Todavia, foi a visita surpresa do antigo presidente e primeiro-ministro social democrata Aníbal Cavaco Silva que parou o congresso durante quase dez minutos. E representou uma viragem no tom do encontro, com Montenegro a abrir o jogo e a anunciar que o programa do PSD para as próximas legislativas conterá com um aumento das pensões para 820 euros, uma baixa generalizada do IRS, medidas contra a corrupção, além de investimentos na saúde e na educação. Nesta última área, Montenegro prometeu o descongelamento das carreiras dos professores “de forma gradual e exequível”.
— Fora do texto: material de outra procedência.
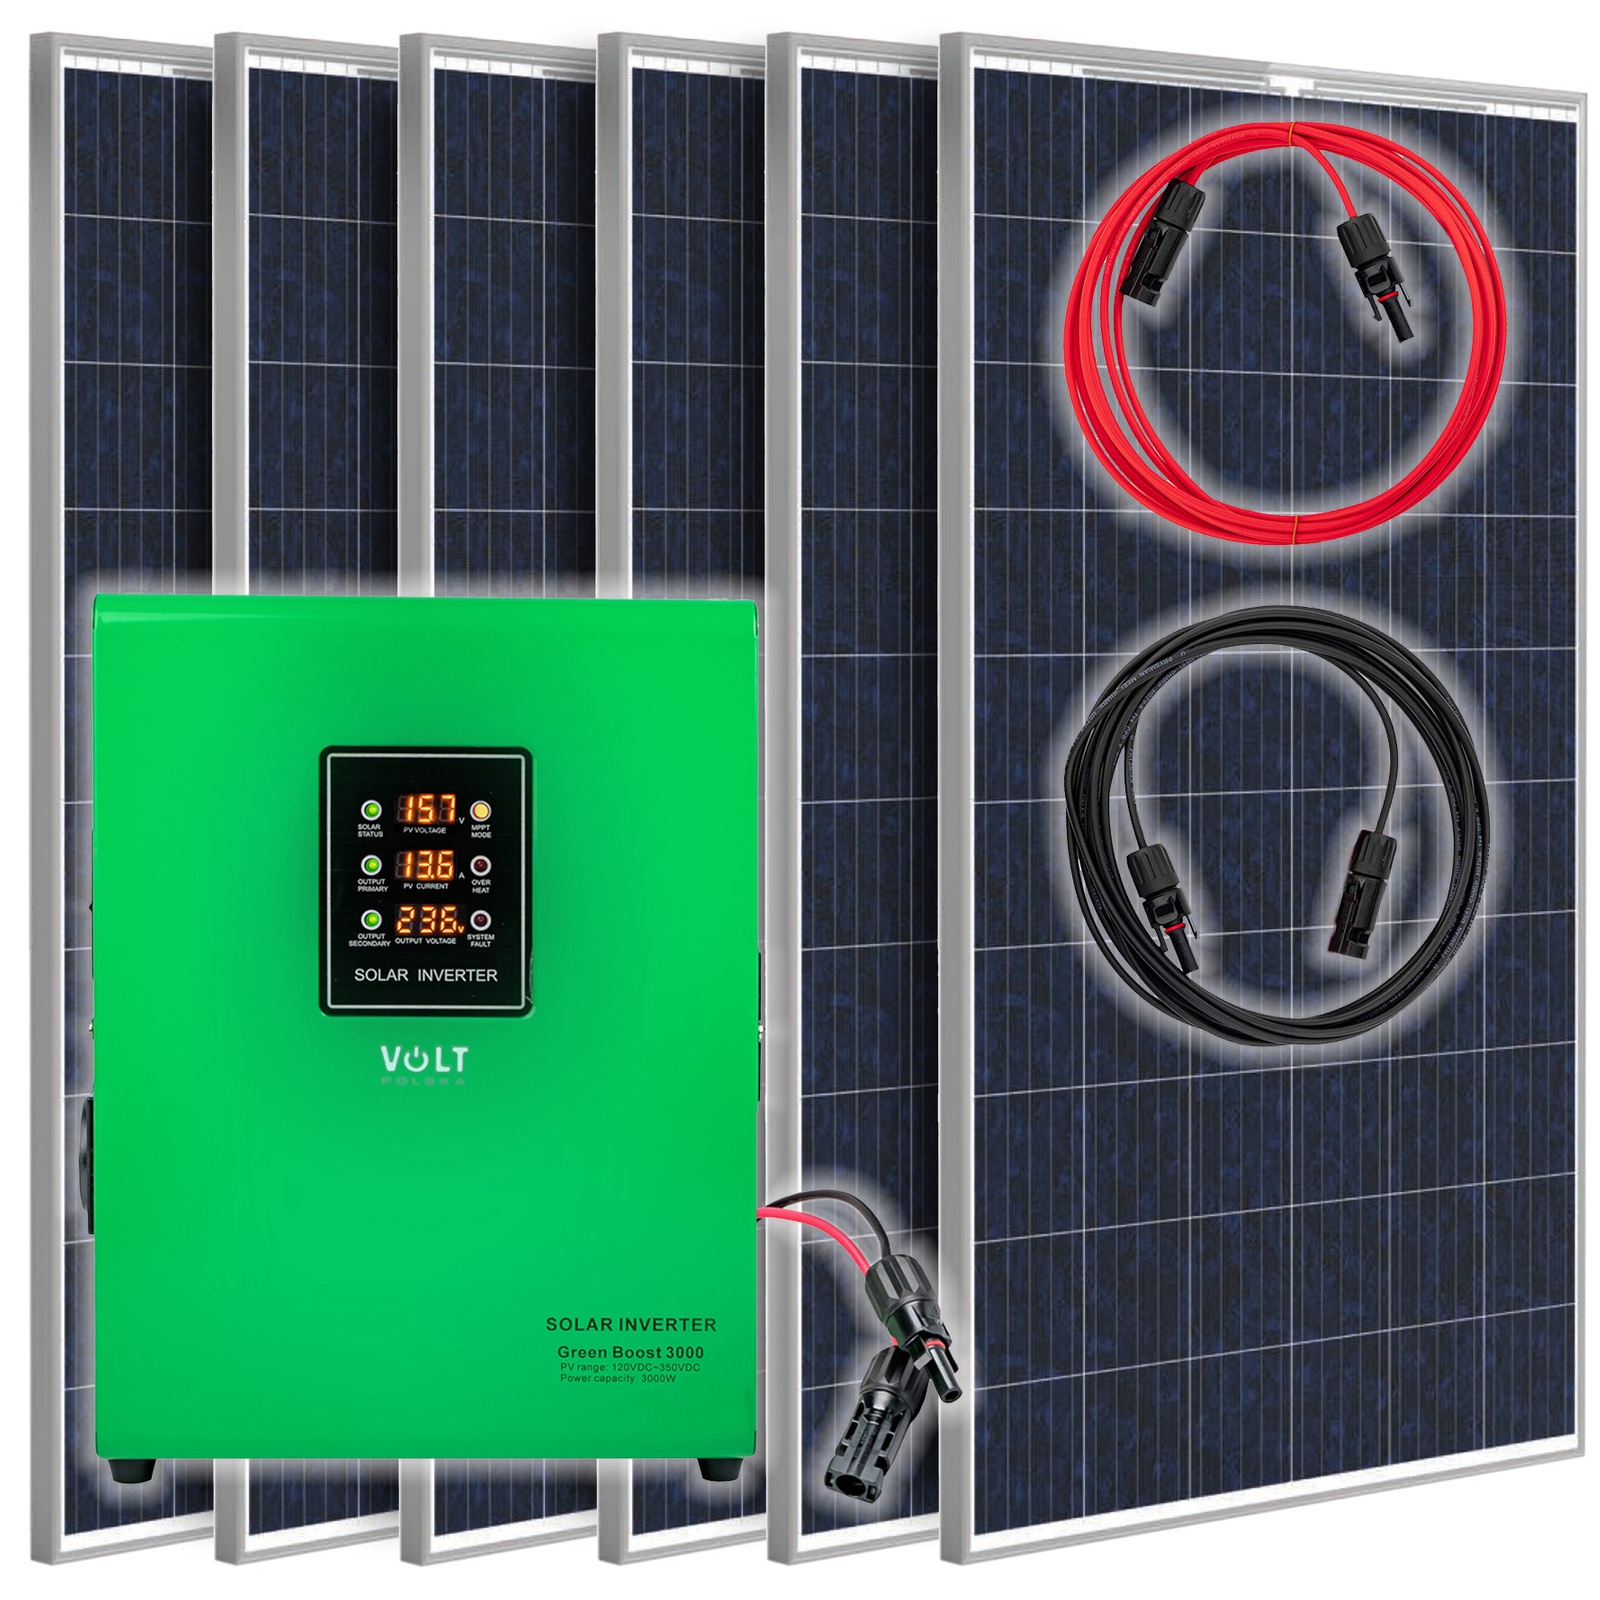 Image of Zestaw solarny fotowoltaiczny do grzania wody (Panel solarny, Przetwornica) VOLT POLSKA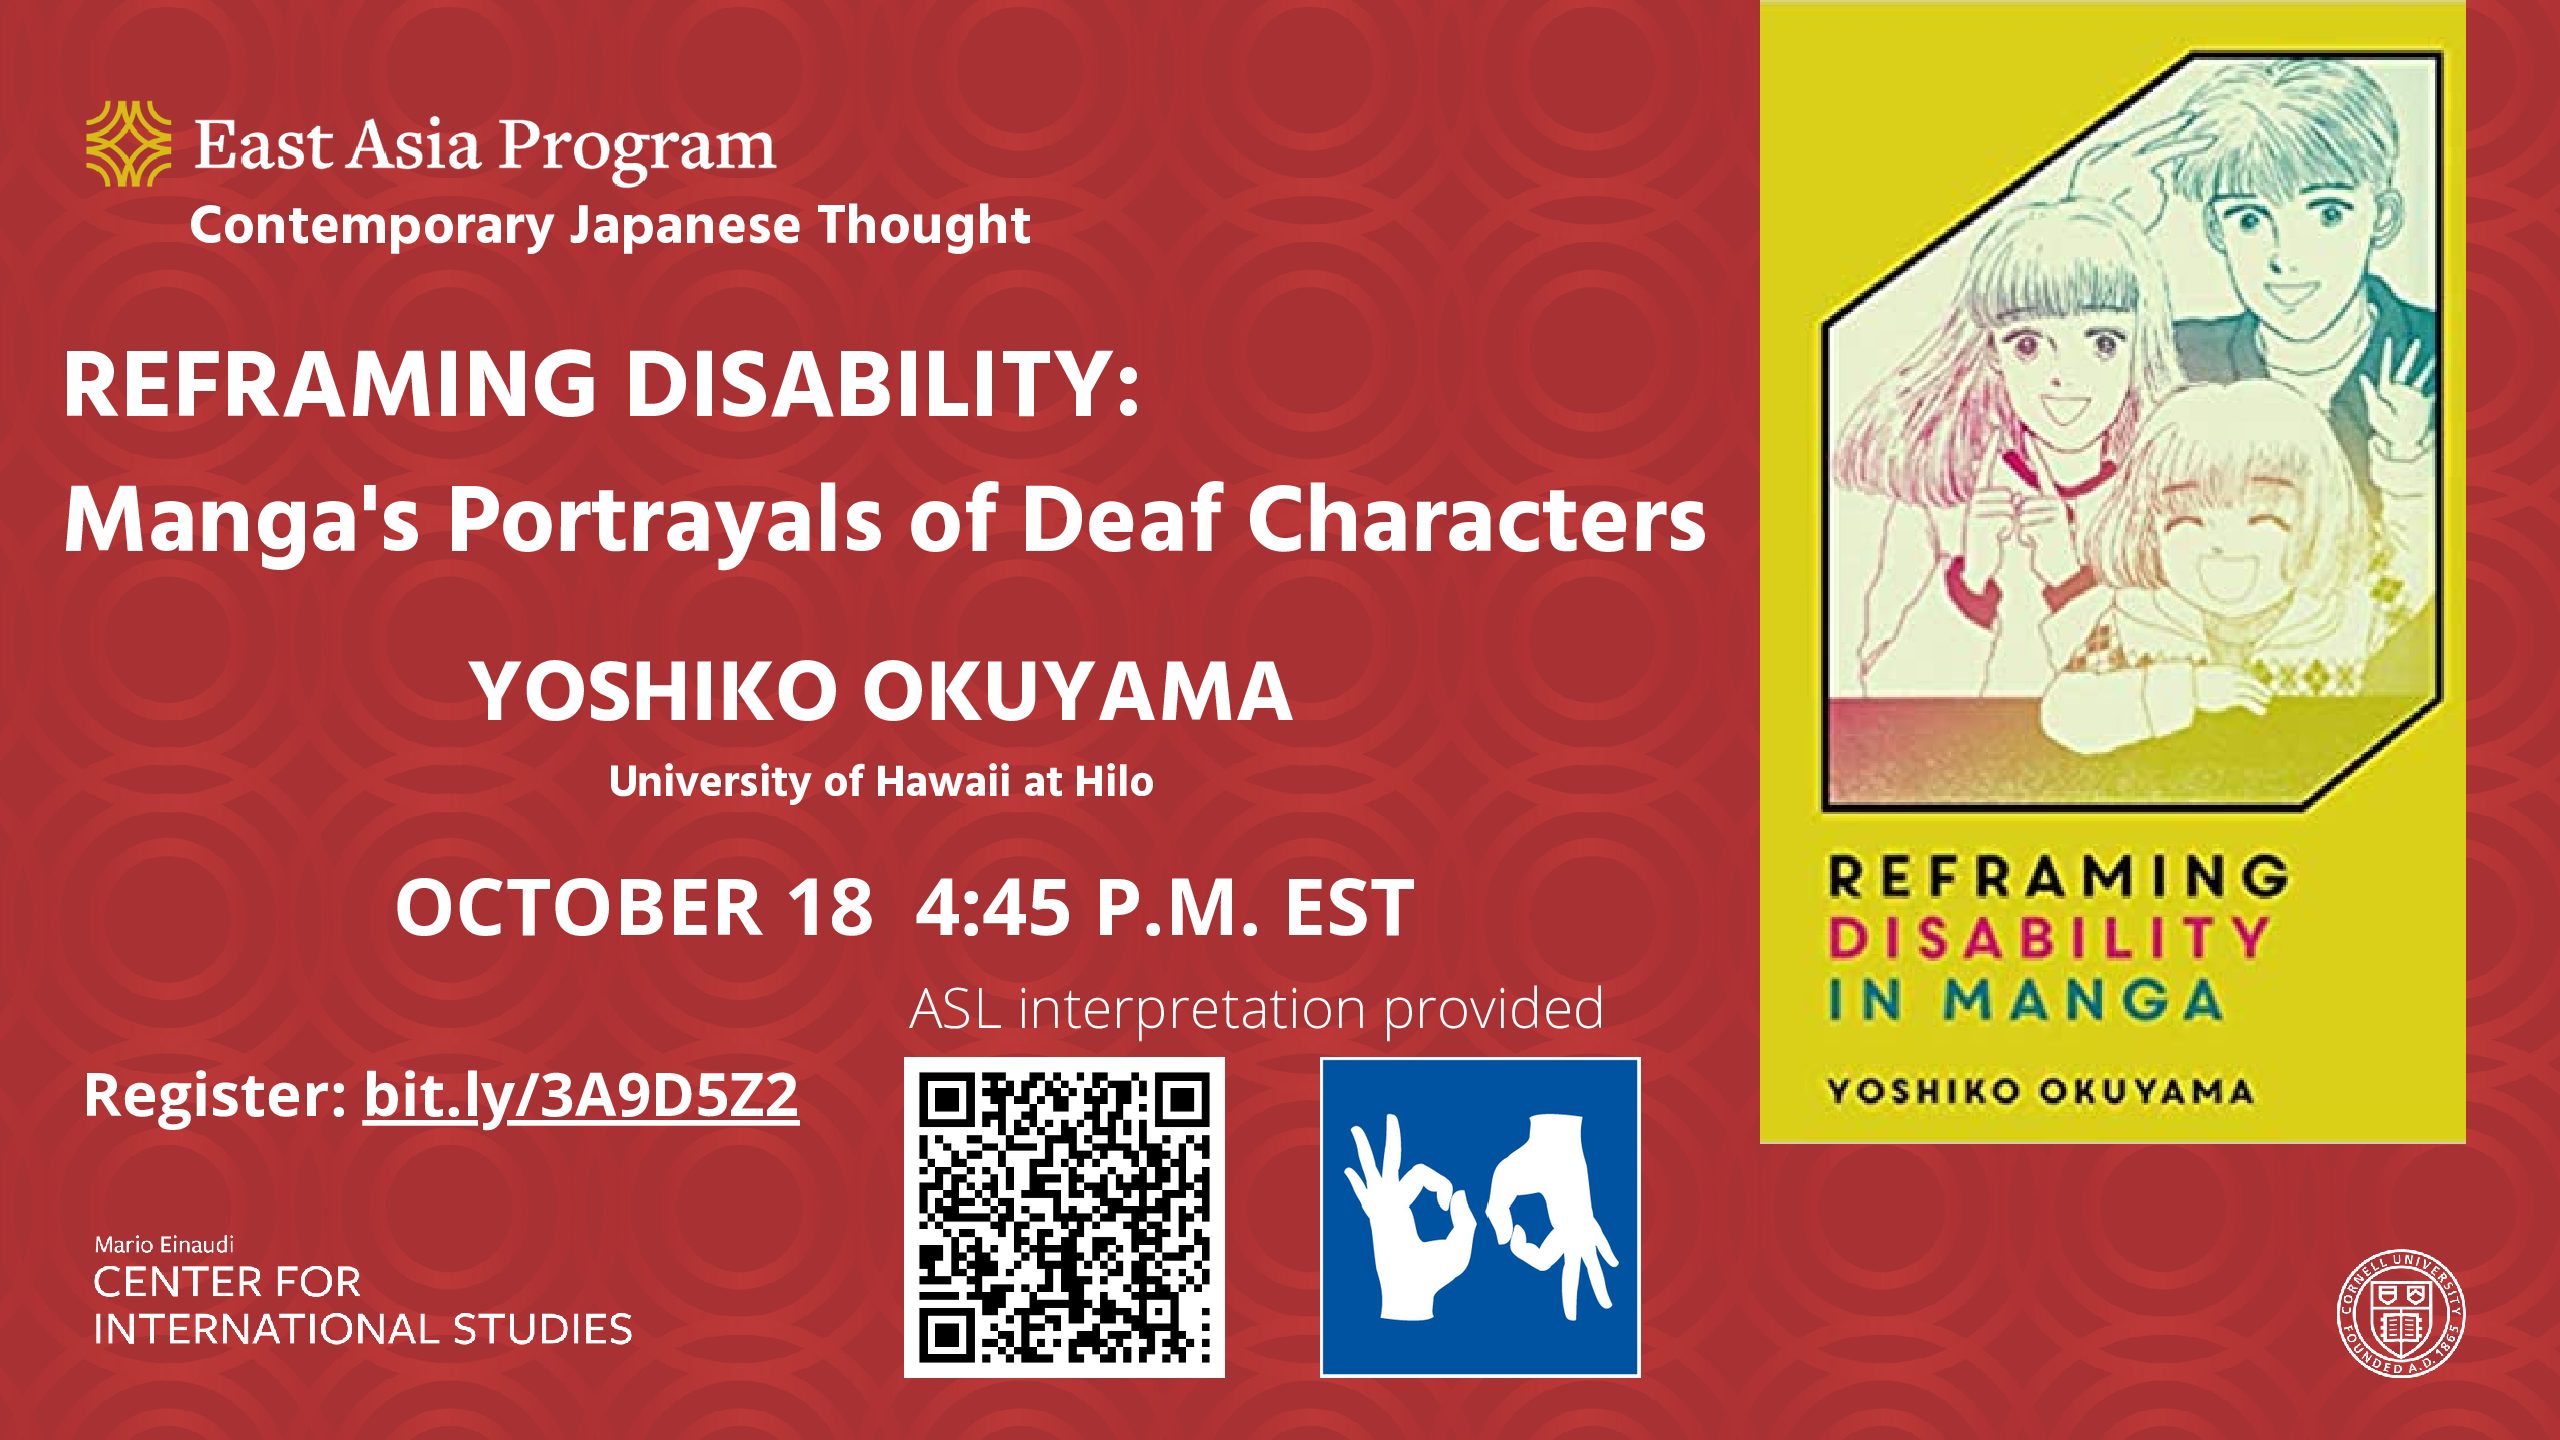 Reframing Disability Yoshiko Okuyama pdf

Num momento único na reunião magna, o presidente do PSD elogiou o Governo de Costa por ter “aumentado o salário mínimo nacional”, criticando-o logo de seguida por não ter conseguido fazer o mesmo com o salário médio, outra das suas prioridades. Assim como as pensões, sobre as quais disse: “não vamos cortar um cêntimo a nenhuma pensão. Vamos aumentá-las de uma forma geral e colocar a referência do complemento social para idosos nos 820 euros”, acrescentando que esta medida é “realizável” e “não coloca em causa o equilíbrio das contas públicas”.
A estratégia para derrubar o PS. Pré-coligação à vista?
Luís Montenegro só será primeiro-ministro depois de 10 de março se os sociais democratas vencerem as eleições antecipadas, foi o próprio quem o reafirmou, no púlpito do Congresso, posicionando-se como a alternativa “moderada, aberta, responsável e segura”, por oposição a um PS que encostou aos extremos de esquerda (acusando Pedro Nuno Santos, candidato à liderança do PS, de estar a preparar o regresso da “geringonça”) e de direita (por ter interesse em que o Chega tenha um resultado melhor nas urnas).
Para os sociais democratas chegarem ao resultado que os permita governar, ouviram-se, na reunião magna, apelos a uma coligação eleitoral de direita, que robusteça a proposta do PSD. “Não vejo que exista qualquer impedimento à promoção de um acordo com o CDS e com a Iniciativa Liberal, que permita dar o tal élan que precisamos de acrescentar àquilo que consistentemente o nosso líder tem feito”, defendeu Nuno Morais Sarmento, antigo ministro da Presidência de Durão Barroso e de Santana Lopes, o único delegado aplaudido de pé mal colocou um pé no palco. Mensagem já antes defendida por Manuel Castro Almeida, antigo secretário de Estado de Cavaco Silva e de Passos Coelho, que além da sugestão de uma pré-coligação, alertou para as escolhas de candidatos a deputados, que devem ter particular atenção à qualidade num momento em que a imagem da classe política se deteriora.